Весь перфоманс показался мне до неимоверности неестественным, ибо чайку по старой памяти не вспоминалось, да и непонятно было, откуда у гостя появился адрес, добытый сразу же после нашего визита.
– Проходите в комнату, сейчас я найду чего-нибудь посущественнее чая, – я даже обрадовался случаю пообщаться с привидением.
Но Голова выглядел словно облако, которое внезапно сгустилось у самой двери и не решалось закрыть солнце: внутрь он не входил, покачивался, по лицу его бродили некие знаки, разгадать которые я был не в силах.
– Да я так… залетел на огонек… погода неплохая… надеюсь, вы все поняли… скажи это деду…
Тут он подмигнул, что выглядело анекдотически, приподнял шляпу (которая отсутствовала), поклонился подобно опытному артисту эстрады и вдруг сделал жест, который любили делать заядлые хулиганы: нацелил руку на мои драгоценные причиндалы, словно собирался цапнуть. Естественно, я дернулся и надломился, оттопырив заднюю часть до предела. В эту минуту появился дед, узревший всю эту душещипательную сцену, от ужаса он присел, не сводя глаз с хищно нацеленной руки Фантомаса, который без всяких комментариев ретировался.

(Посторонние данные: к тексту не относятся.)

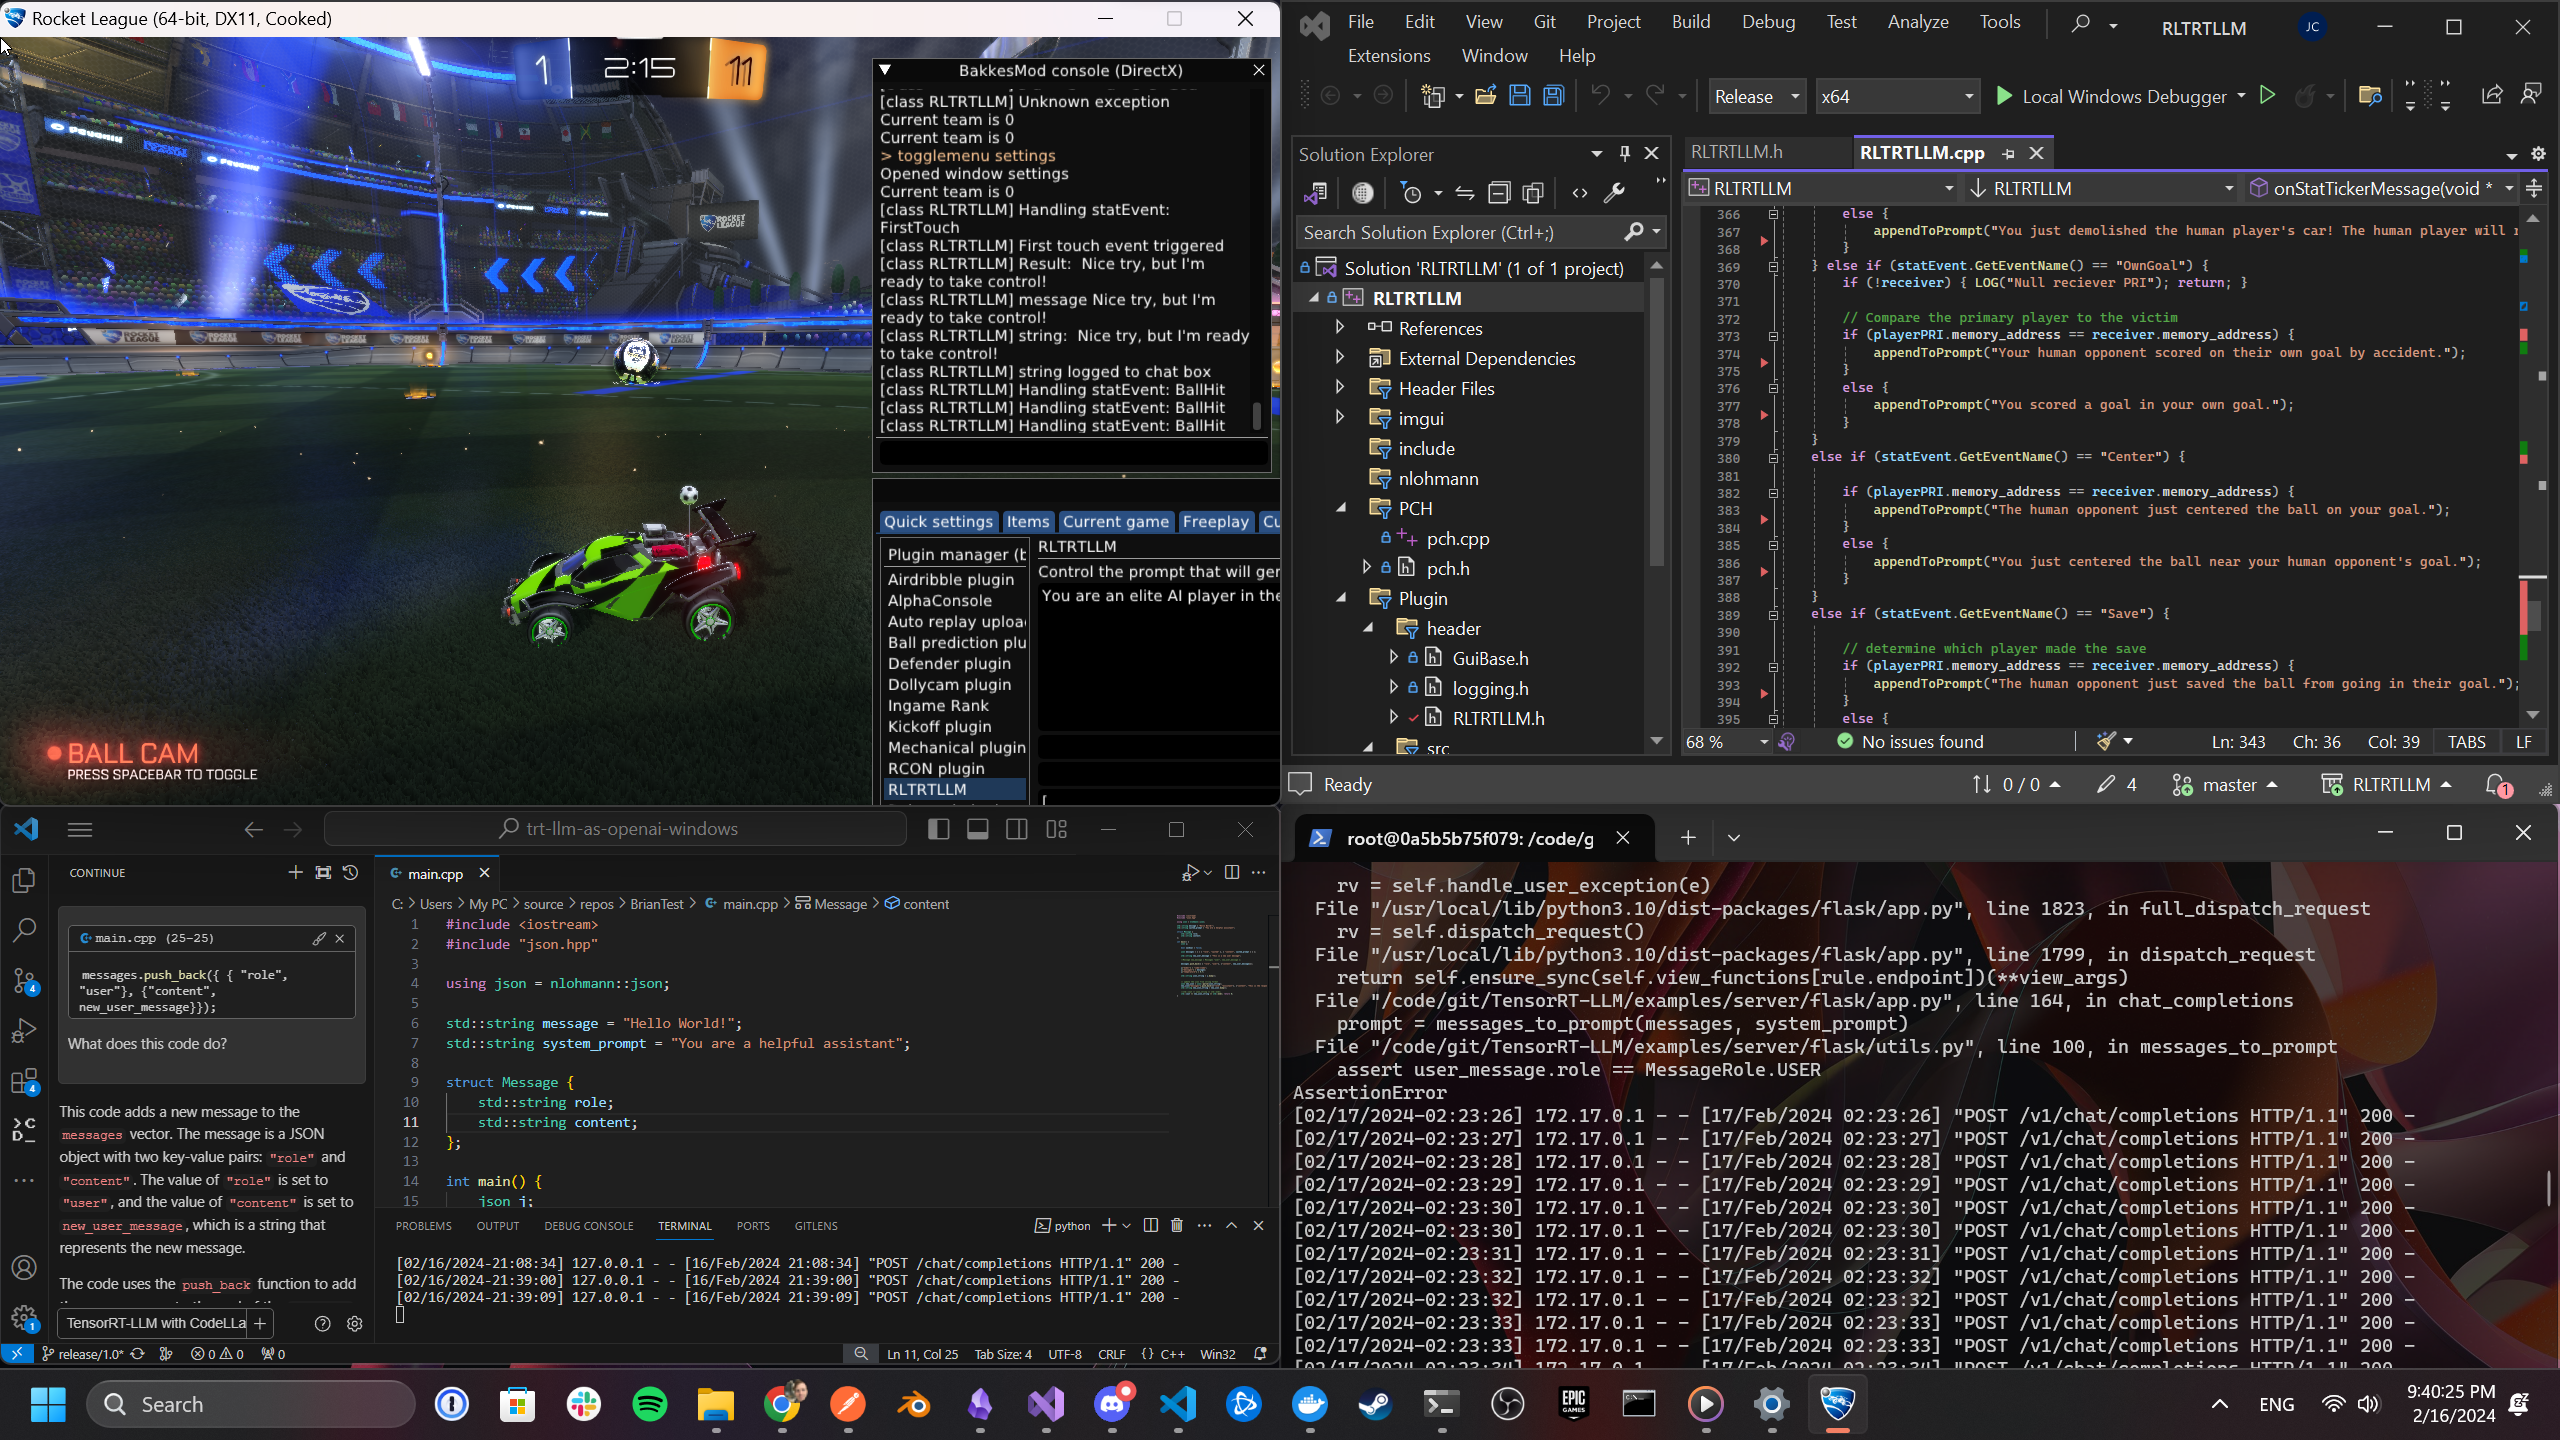 Screenshot of Rocket League BotChat development environment

Впрочем, не стоит торопить события, имеет смысл скакнуть назад, к моменту нашего возвращения домой после фантомасной перипетии. Отец Сергий встретил нас, уже чуть взбодренный виски, вопросов не задавал, ибо был потрясен выдающейся гусиной печенкой, которую ему в ланч жарили в ресторане “Уильям Босс”. Захлебываясь от счастья, он вспоминал миллионы и миллиарды fois gras, которые ему доводилось беспорядочно пожинать в ресторанах на всех континентах. Особенно ему запомнилась какая-то дыра севернее Амстердама, в которой добродушная хозяйка средних лет сварганила из потрохов гуся нечто сказочное, что подвигло его на скоротечный романчик с ней прямо в сыром винном погребе, причем в костюме и при бабочке. Могу представить старую каргу в подвальной луже, о, эти сладострастные вопли старушек! О, фуа гра на стенах подвала!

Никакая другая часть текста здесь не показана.